▶ _WHAT IS EXPECTED_
Return all of the records below verbatim.

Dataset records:
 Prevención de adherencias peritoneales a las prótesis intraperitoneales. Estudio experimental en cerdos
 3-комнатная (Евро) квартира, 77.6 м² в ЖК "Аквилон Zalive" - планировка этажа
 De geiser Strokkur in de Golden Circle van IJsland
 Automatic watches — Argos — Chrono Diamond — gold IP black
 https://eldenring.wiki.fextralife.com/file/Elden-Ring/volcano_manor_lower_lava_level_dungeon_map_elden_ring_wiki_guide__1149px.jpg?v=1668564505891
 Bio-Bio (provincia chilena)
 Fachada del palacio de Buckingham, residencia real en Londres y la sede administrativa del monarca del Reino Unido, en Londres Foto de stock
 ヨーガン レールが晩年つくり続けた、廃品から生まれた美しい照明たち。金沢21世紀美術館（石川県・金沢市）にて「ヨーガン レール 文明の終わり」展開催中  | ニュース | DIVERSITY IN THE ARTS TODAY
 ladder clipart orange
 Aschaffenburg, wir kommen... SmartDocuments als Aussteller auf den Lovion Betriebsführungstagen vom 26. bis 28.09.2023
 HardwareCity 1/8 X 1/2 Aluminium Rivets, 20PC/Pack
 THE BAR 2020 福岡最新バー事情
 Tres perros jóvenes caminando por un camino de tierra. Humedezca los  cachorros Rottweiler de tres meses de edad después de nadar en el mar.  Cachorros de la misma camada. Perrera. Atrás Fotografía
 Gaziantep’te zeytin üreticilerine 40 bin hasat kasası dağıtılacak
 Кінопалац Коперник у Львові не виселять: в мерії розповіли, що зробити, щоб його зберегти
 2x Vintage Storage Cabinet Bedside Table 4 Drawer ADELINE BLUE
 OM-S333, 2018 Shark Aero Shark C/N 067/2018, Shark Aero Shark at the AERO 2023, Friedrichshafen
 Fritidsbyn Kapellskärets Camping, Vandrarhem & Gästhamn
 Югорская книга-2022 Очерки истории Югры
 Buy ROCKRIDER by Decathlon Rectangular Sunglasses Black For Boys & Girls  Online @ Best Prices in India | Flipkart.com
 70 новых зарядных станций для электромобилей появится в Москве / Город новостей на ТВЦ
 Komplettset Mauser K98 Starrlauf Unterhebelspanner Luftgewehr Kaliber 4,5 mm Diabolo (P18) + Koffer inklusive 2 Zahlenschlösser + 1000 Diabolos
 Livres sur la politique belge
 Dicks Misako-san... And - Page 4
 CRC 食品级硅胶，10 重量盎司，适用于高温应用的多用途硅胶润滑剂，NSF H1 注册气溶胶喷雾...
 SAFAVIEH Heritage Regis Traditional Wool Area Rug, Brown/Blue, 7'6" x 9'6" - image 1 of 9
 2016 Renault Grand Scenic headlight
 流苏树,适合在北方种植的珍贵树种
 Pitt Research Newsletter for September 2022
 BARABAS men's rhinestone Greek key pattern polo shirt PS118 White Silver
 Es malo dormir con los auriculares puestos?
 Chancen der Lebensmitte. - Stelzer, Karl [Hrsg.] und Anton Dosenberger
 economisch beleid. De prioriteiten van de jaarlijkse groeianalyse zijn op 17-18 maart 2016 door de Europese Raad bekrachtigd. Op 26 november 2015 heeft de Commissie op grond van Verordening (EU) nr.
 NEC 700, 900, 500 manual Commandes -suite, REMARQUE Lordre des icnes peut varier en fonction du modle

▶ _TASK ANSWER_
 Prevención de adherencias peritoneales a las prótesis intraperitoneales. Estudio experimental en cerdos
 3-комнатная (Евро) квартира, 77.6 м² в ЖК "Аквилон Zalive" - планировка этажа
 De geiser Strokkur in de Golden Circle van IJsland
 Automatic watches — Argos — Chrono Diamond — gold IP black
 https://eldenring.wiki.fextralife.com/file/Elden-Ring/volcano_manor_lower_lava_level_dungeon_map_elden_ring_wiki_guide__1149px.jpg?v=1668564505891
 Bio-Bio (provincia chilena)
 Fachada del palacio de Buckingham, residencia real en Londres y la sede administrativa del monarca del Reino Unido, en Londres Foto de stock
 ヨーガン レールが晩年つくり続けた、廃品から生まれた美しい照明たち。金沢21世紀美術館（石川県・金沢市）にて「ヨーガン レール 文明の終わり」展開催中  | ニュース | DIVERSITY IN THE ARTS TODAY
 ladder clipart orange
 Aschaffenburg, wir kommen... SmartDocuments als Aussteller auf den Lovion Betriebsführungstagen vom 26. bis 28.09.2023
 HardwareCity 1/8 X 1/2 Aluminium Rivets, 20PC/Pack
 THE BAR 2020 福岡最新バー事情
 Tres perros jóvenes caminando por un camino de tierra. Humedezca los  cachorros Rottweiler de tres meses de edad después de nadar en el mar.  Cachorros de la misma camada. Perrera. Atrás Fotografía
 Gaziantep’te zeytin üreticilerine 40 bin hasat kasası dağıtılacak
 Кінопалац Коперник у Львові не виселять: в мерії розповіли, що зробити, щоб його зберегти
 2x Vintage Storage Cabinet Bedside Table 4 Drawer ADELINE BLUE
 OM-S333, 2018 Shark Aero Shark C/N 067/2018, Shark Aero Shark at the AERO 2023, Friedrichshafen
 Fritidsbyn Kapellskärets Camping, Vandrarhem & Gästhamn
 Югорская книга-2022 Очерки истории Югры
 Buy ROCKRIDER by Decathlon Rectangular Sunglasses Black For Boys & Girls  Online @ Best Prices in India | Flipkart.com
 70 новых зарядных станций для электромобилей появится в Москве / Город новостей на ТВЦ
 Komplettset Mauser K98 Starrlauf Unterhebelspanner Luftgewehr Kaliber 4,5 mm Diabolo (P18) + Koffer inklusive 2 Zahlenschlösser + 1000 Diabolos
 Livres sur la politique belge
 Dicks Misako-san... And - Page 4
 CRC 食品级硅胶，10 重量盎司，适用于高温应用的多用途硅胶润滑剂，NSF H1 注册气溶胶喷雾...
 SAFAVIEH Heritage Regis Traditional Wool Area Rug, Brown/Blue, 7'6" x 9'6" - image 1 of 9
 2016 Renault Grand Scenic headlight
 流苏树,适合在北方种植的珍贵树种
 Pitt Research Newsletter for September 2022
 BARABAS men's rhinestone Greek key pattern polo shirt PS118 White Silver
 Es malo dormir con los auriculares puestos?
 Chancen der Lebensmitte. - Stelzer, Karl [Hrsg.] und Anton Dosenberger
 economisch beleid. De prioriteiten van de jaarlijkse groeianalyse zijn op 17-18 maart 2016 door de Europese Raad bekrachtigd. Op 26 november 2015 heeft de Commissie op grond van Verordening (EU) nr.
 NEC 700, 900, 500 manual Commandes -suite, REMARQUE Lordre des icnes peut varier en fonction du modle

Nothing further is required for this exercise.